- **Supplied information**
^^^^
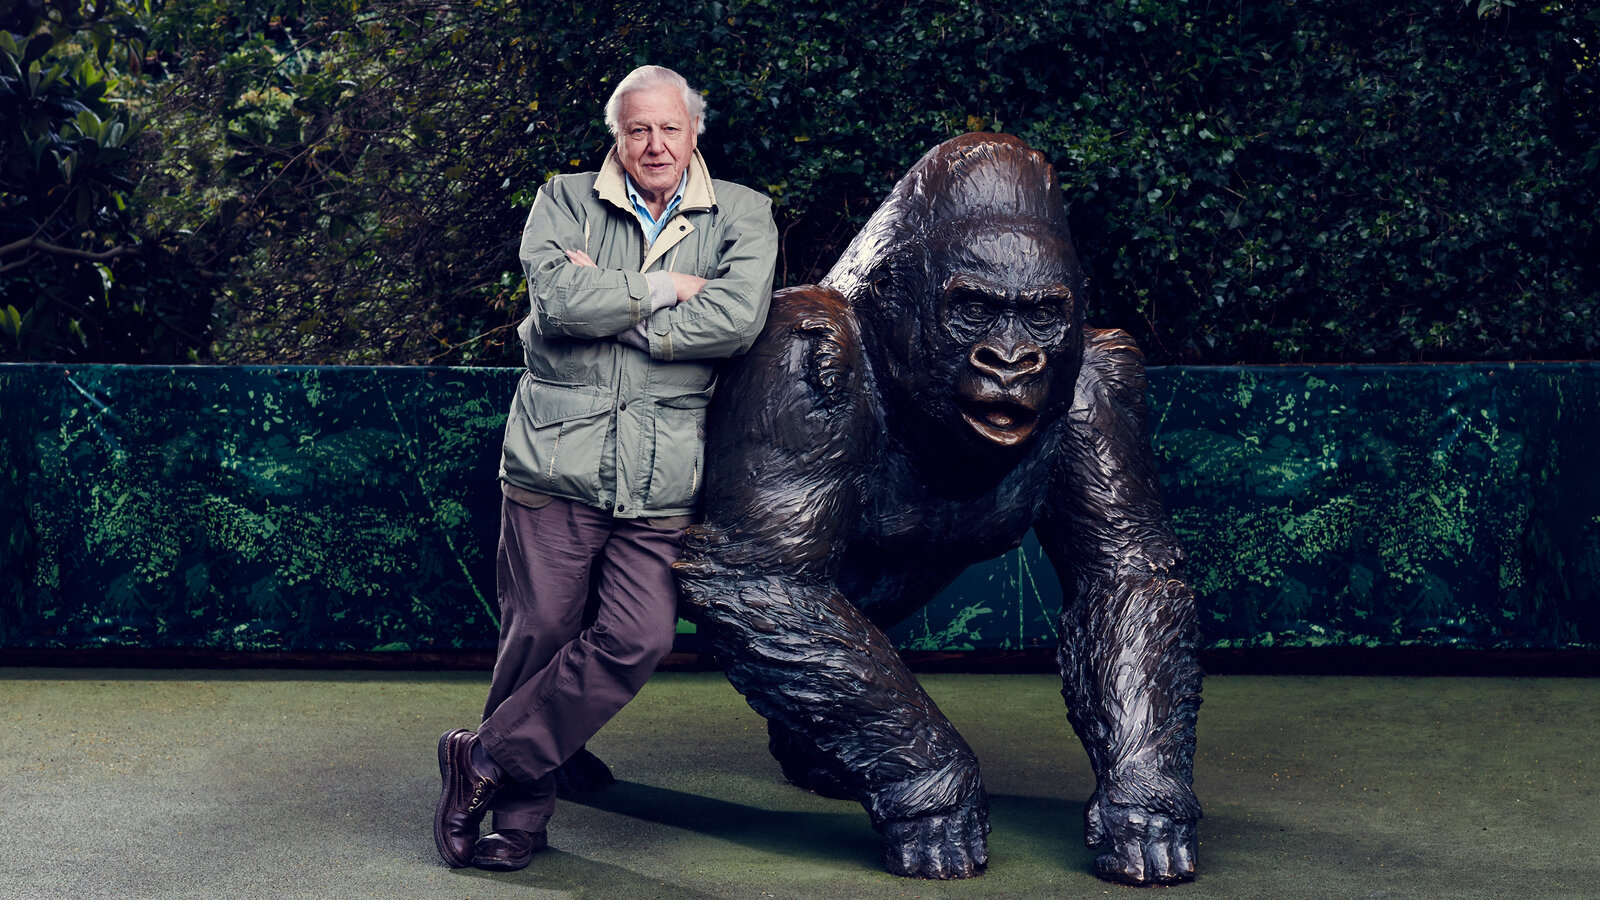 A very happy birthday to Sir David Attenborough from all at SAVE Bristol Zoo Gardens. 

&quot;It seems to me that the natural world is the greatest source of excitement; the greatest source of visual beauty; the greatest source of intellectual intere
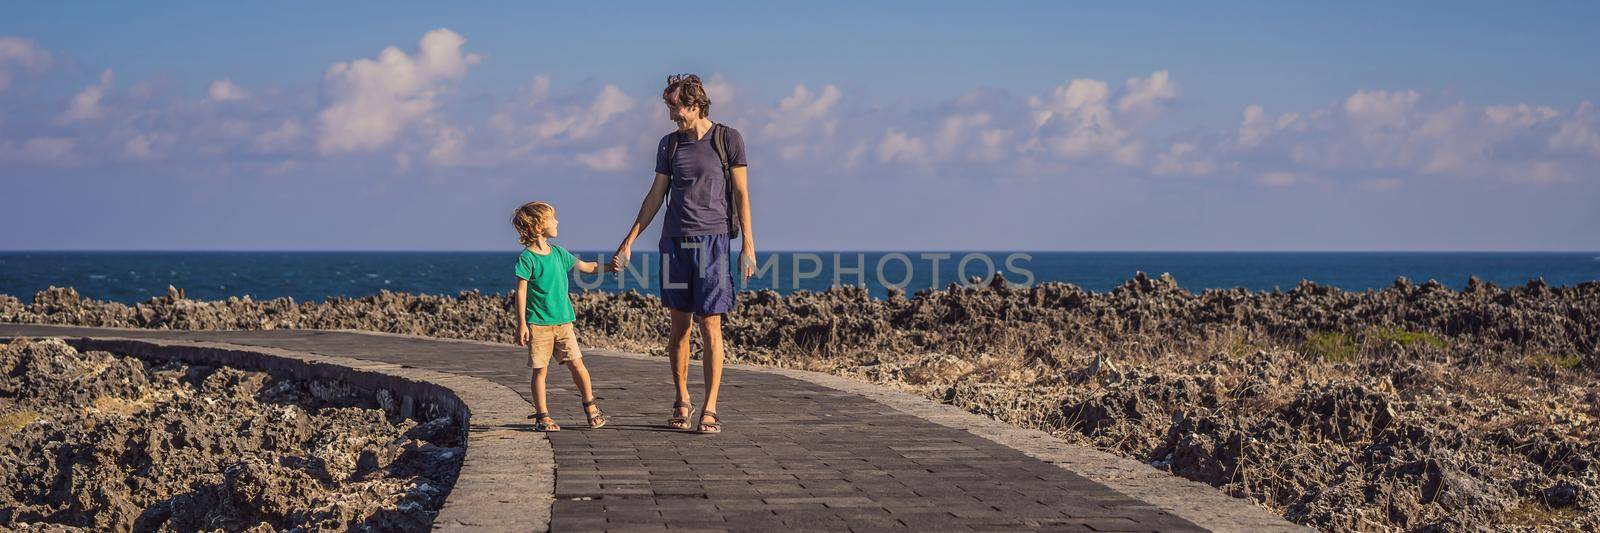 Father and son travelers on amazing Nusadua, Waterbloom Fountain, Bali Island Indonesia. Traveling with kids concept BANNER, LONG FORMAT by galitskaya
^^^^
- **Work task**
The material above should be returned exactly, without pictures.

- **Response area**
 A very happy birthday to Sir David Attenborough from all at SAVE Bristol Zoo Gardens. 

&quot;It seems to me that the natural world is the greatest source of excitement; the greatest source of visual beauty; the greatest source of intellectual intere
 Father and son travelers on amazing Nusadua, Waterbloom Fountain, Bali Island Indonesia. Traveling with kids concept BANNER, LONG FORMAT by galitskaya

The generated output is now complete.